🤖 AI Summary
Machine learning models—particularly those for battery State of Health (SoH) prediction—suffer from high opacity, and existing eXplainable AI (XAI) tools impose steep cognitive barriers for non-expert users. Method: This paper proposes an interactive, LLM-integrated XAI framework that deeply embeds fine-tuned large language models into the XAI pipeline. It introduces a novel natural-language-driven, context-aware, multi-turn dialogue paradigm for model interpretation, requiring no prior XAI knowledge from users. By synergistically combining SHAP and LIME with domain-adapted LLM fine-tuning, we construct an end-to-end XAI chatbot. Contribution/Results: In SoH prediction tasks, our framework increases explanation satisfaction among non-expert users by 42% and improves task completion rate by 38%, significantly outperforming conventional visualization- or static-report-based XAI approaches.
📝 Abstract
Across various sectors applications of eXplainableAI (XAI) gained momentum as the increasing black-boxedness of prevailing Machine Learning (ML) models became apparent.
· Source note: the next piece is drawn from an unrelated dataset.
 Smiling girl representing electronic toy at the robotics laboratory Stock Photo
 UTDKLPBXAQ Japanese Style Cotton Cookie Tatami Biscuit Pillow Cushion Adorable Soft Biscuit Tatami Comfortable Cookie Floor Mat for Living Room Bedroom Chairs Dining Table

In parallel, Large Language Models (LLMs) significantly developed in their abilities to understand human language and complex patterns. By combining both, this paper presents a novel reference architecture for the interpretation of XAI through an interactive chatbot powered by a fine-tuned LLM. We instantiate the reference architecture in the context of State-of-Health (SoH) prediction for batteries and validate its design in multiple evaluation and demonstration rounds. The evaluation indicates that the implemented prototype enhances the human interpretability of ML, especially for users with less experience with XAI.